R = train(epochs = 400, lr = 0.8)

Epoch 24 Loss : 103.75080712125232
Epoch 49 Loss : 28.581241208690365
Epoch 74 Loss : 10.52838409224959
Epoch 99 Loss : 4.740614270409274
Epoch 124 Loss : 2.525009208180008
Epoch 149 Loss : 1.5630449512086788
Epoch 174 Loss : 1.1048770444767242
Epoch 199 Loss : 0.8710846200438042
Epoch 224 Loss : 0.745354168029209
Epoch 249 Loss : 0.6748854542077934
Epoch 274 Loss : 0.6340361932715131
Epoch 299 Loss : 0.6096758141723325
Epoch 324 Loss : 0.5947892102152811
Epoch 349 Loss : 0.5854952917369657
Epoch 374 Loss : 0.5795823131084801
Epoch 399 Loss : 0.5757569140300391


## Nearest Neighbors

In [15]:
def forward(x):
    fr_pred_emb = np.dot(x,R)
    return fr_pred_emb


def cosine_similarity(A, B):
    cos = -10
    dot = np.dot(A, B)
    norma = np.linalg.norm(A)
    normb = np.linalg.norm(B)
    cos = dot / (norma * normb)
    return cos


def nearest_neighbor(v, candidates, k = 1):
    
    similarity_l = []

    for row in candidates:
        cos_similarity = cosine_similarity(v,row)
        similarity_l.append(cos_similarity)
        
    sorted_ids = np.argsort(similarity_l)

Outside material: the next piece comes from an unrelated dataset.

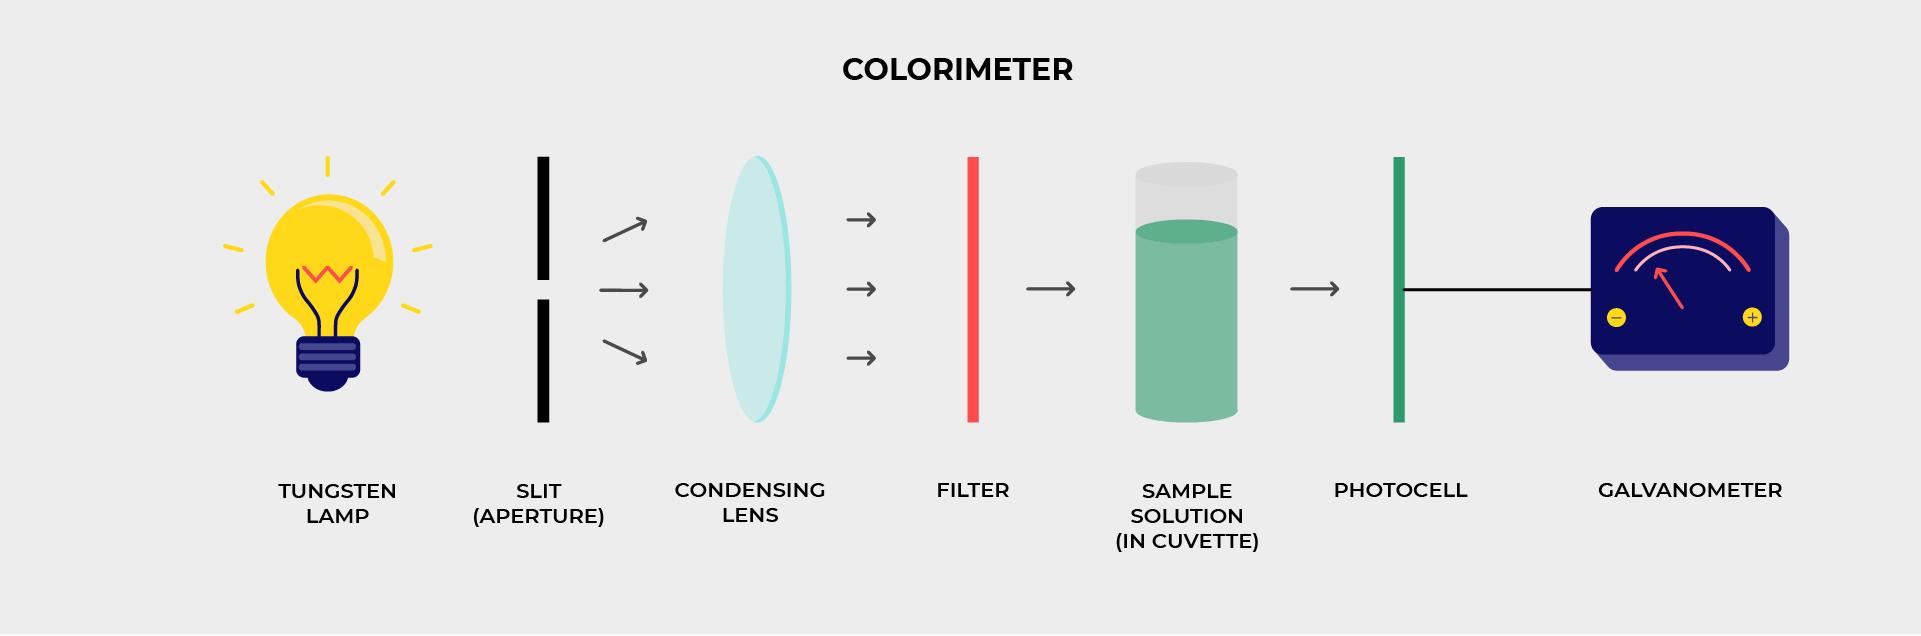 Colorimeter_new

    k_idx = sorted_ids[-k:]
    return k_idx

In [16]:
# UNQ_C10 (UNIQUE CELL IDENTIFIER, DO NOT EDIT)
def test_vocabulary(X, Y, R):
   
    pred = np.dot(X,R)

    num_correct = 0

    for i in range(len(pred)):
        pred_idx = nearest_neighbor(pred[i],Y)

        if pred_idx == i:
            num_correct += 1

    accuracy = num_correct / len(pred)

    return accuracy

In [17]:
acc = test_vocabulary(X_val, y_val, R)  # this might take a minute or two
print(f"accuracy on test set is {acc:.3f}")

accuracy on test set is 0.450


You managed to translate words from one language to another language without ever seing them with almost 45% accuracy by using some basic linear algebra and learning a mapping of words from one language to another!